2003 Seattle Annual Meeting (November 2–5, 2003)

Paper No. 6
Presentation Time: 2:45 PM

PLIOCENE-PLEISTOCENE GLACIAL HISTORY OF MARIE BYRD LAND, WEST ANTARCTICA, FROM COSMOGENIC NUCLIDES IN BEDROCK


COWDERY, Seth G.1, STONE, John O.1 and FINKEL, Robert2, (1)Department of Earth and Space Sciences, Univ of Washington, Box 351310, Seattle, WA 98195-1310, (2)Lawrence Livermore National Laboratories, Center for Accelerator Mass Spectrometry, Livermore, CA 94550, scowdery@u.washington.edu

In situ cosmogenic Be-10 and Al-26 are produced at the Earth's surface at a specific ratio to one another, but decay at different rates when a sample is shielded from cosmogenic radiation. Disequilibrium in this ratio in a sample implies a complex history of exposure and burial.

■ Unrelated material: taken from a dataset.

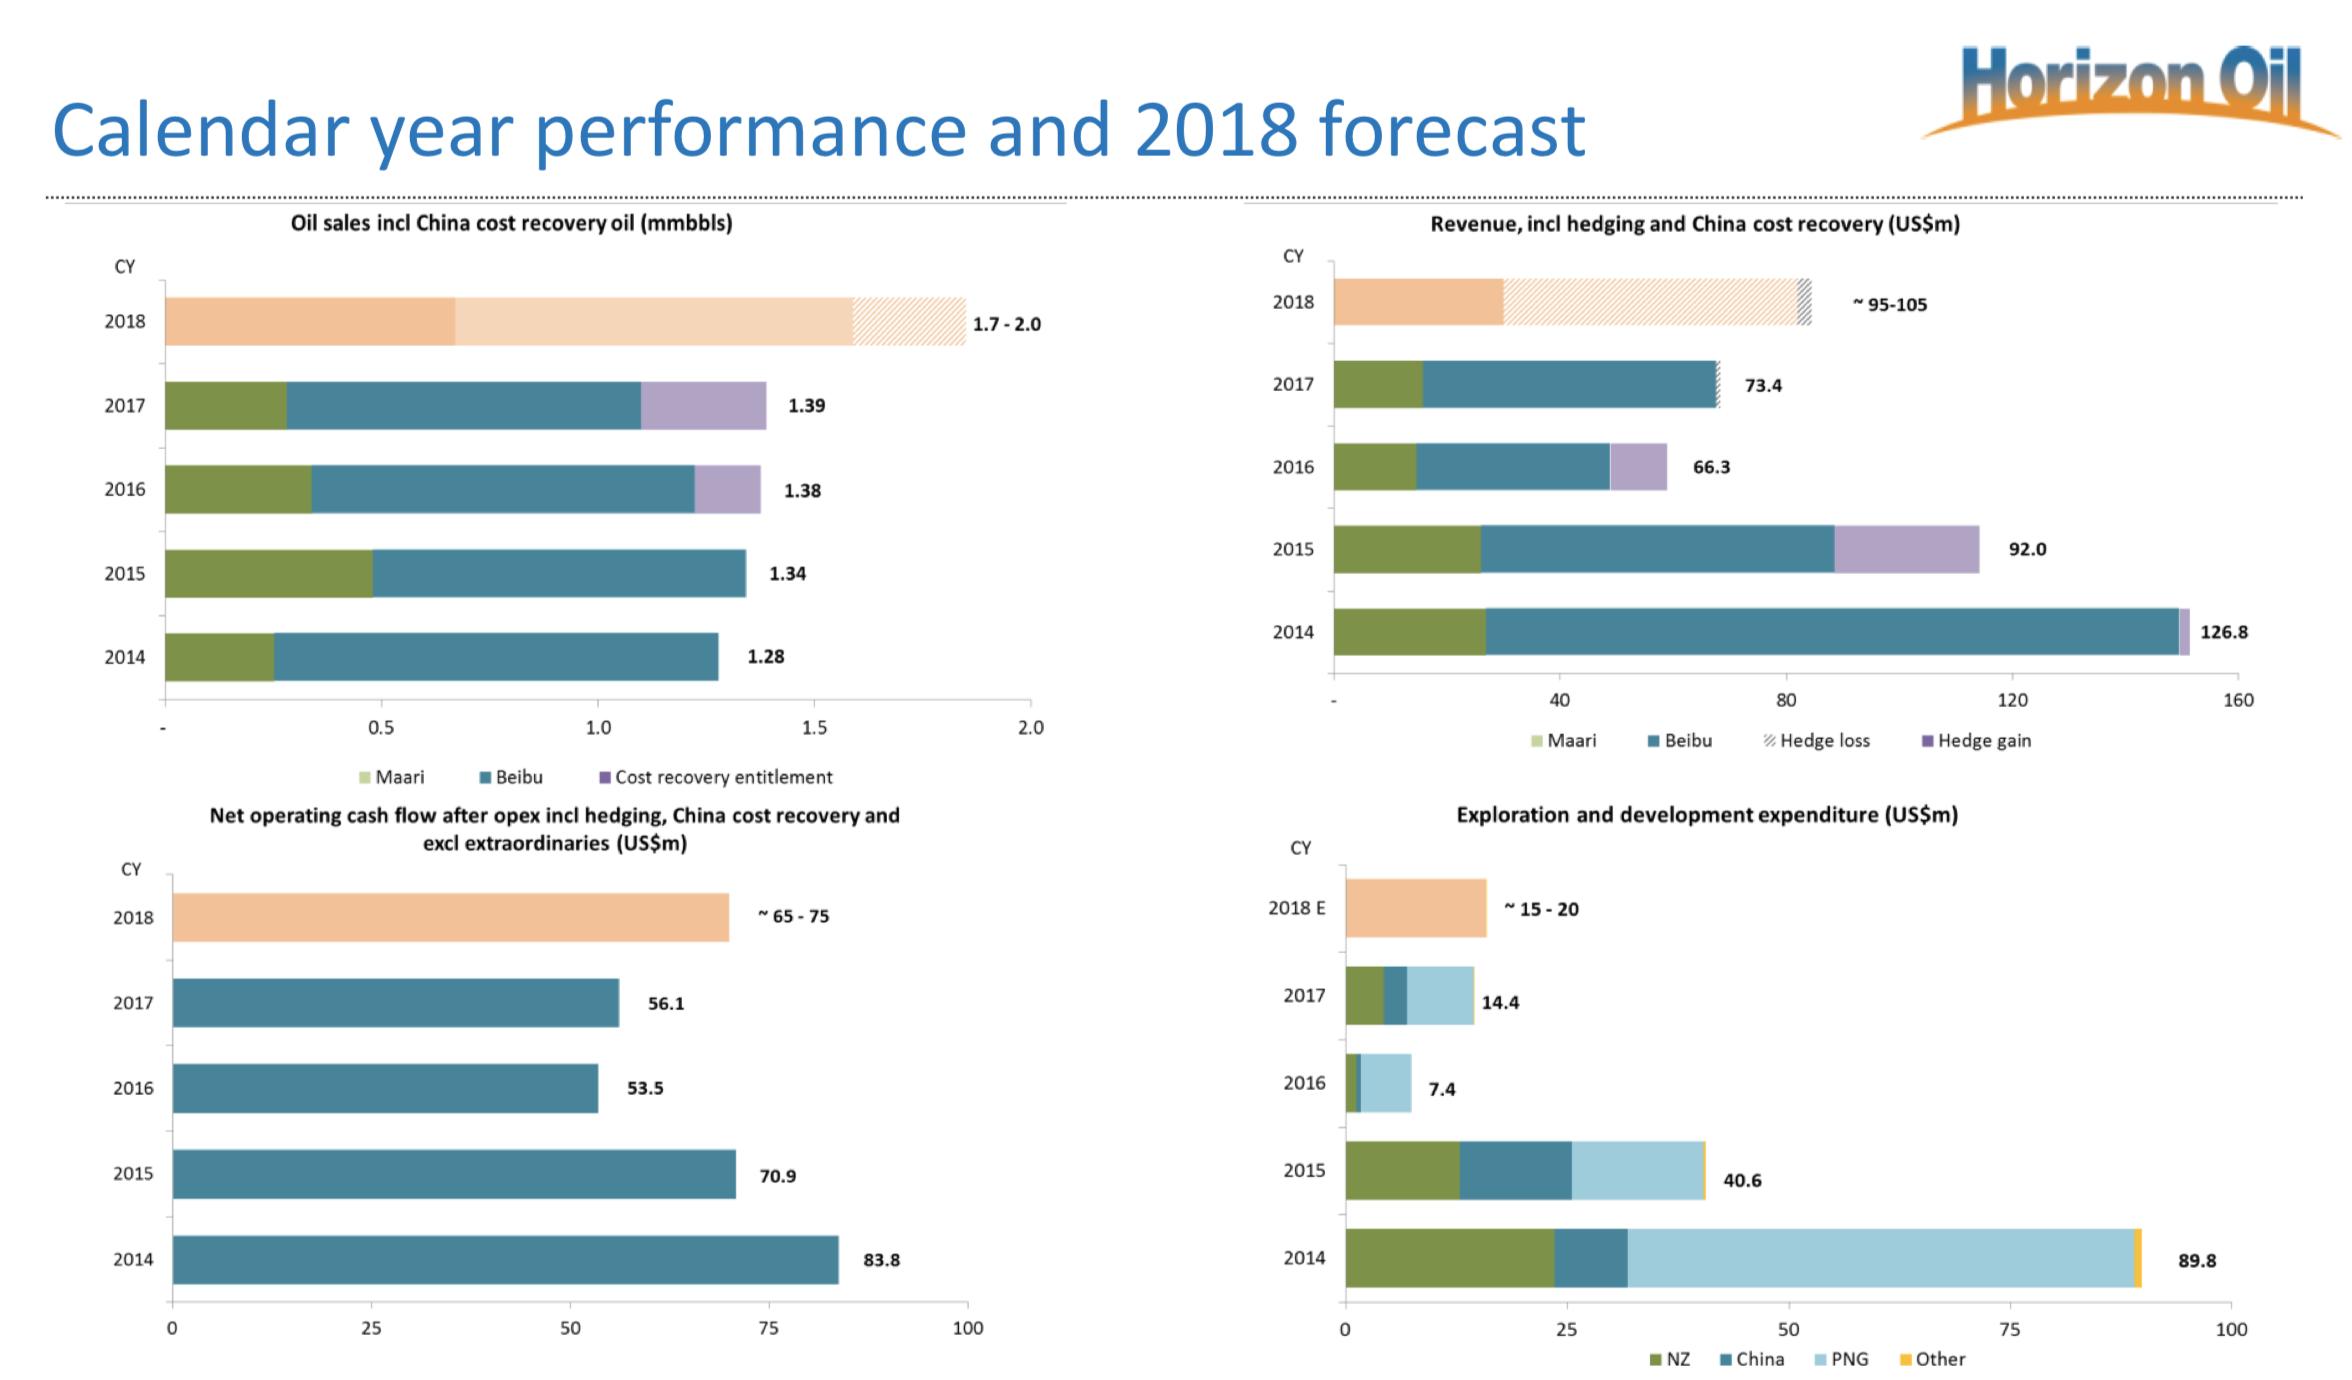 Hzn forecasts

Measurement of Be-10 and Al-26 in quartz from bedrock surfaces throughout the Ford Ranges, West Antarctica, reveals a history of exposure, burial beneath the West Antarctic Ice Sheet, and survival against sub-glacial erosion. Except for low-altitude surfaces heavily scoured by the ice sheet, all surfaces display disequilibrium in the ratio of Al-26 to Be-10 and have apparent exposure ages significantly older than Holocene deglaciation. The data show that: (1) Effective exposure time increases with altitude on each mountain, (2) The ratio of time-exposed to time covered by ice decreases with altitude on each mountain and roughly decreases inland, (3) Minimum overall burial times range from hundreds of thousands to ~3.5 million years, and (4) Maximum limits on the fraction of time-exposed (compared to the time covered by ice) for these samples are as low as 1-5%. These results are consistent with survival of the surfaces through repeated Plio-Pleistocene glaciations, and indicate that the present deglaciation of West Antarctica is among the most extensive in the mid- to late-Quaternary.

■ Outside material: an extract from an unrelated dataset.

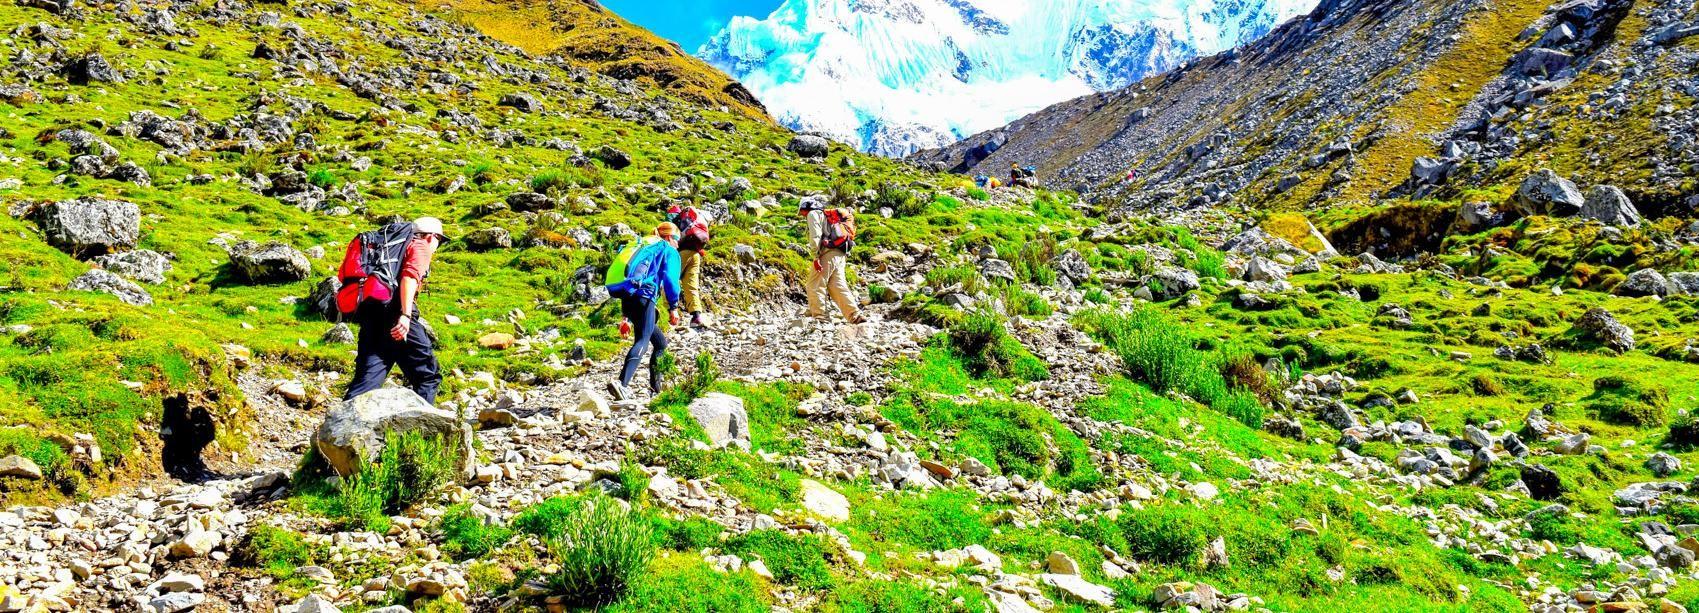 Cusco: 5-Day Salkantay Ultimate Trek to Machu Picchu

Bedrock in the Ford Ranges is variably weathered, from clean, glacially abraded surfaces at low altitude, to weathered surfaces at high altitude, showing surficial oxidation, salt and gruss accumulation, widened joints and rounded corners. Our data show that weathered features at high altitude are the result of repeated exposure and glaciation, rather than continuous sub-aerial weathering.

Supported by NSF grant OPP-0229915, and the LLNL Center for Accelerator Mass Spectrometry.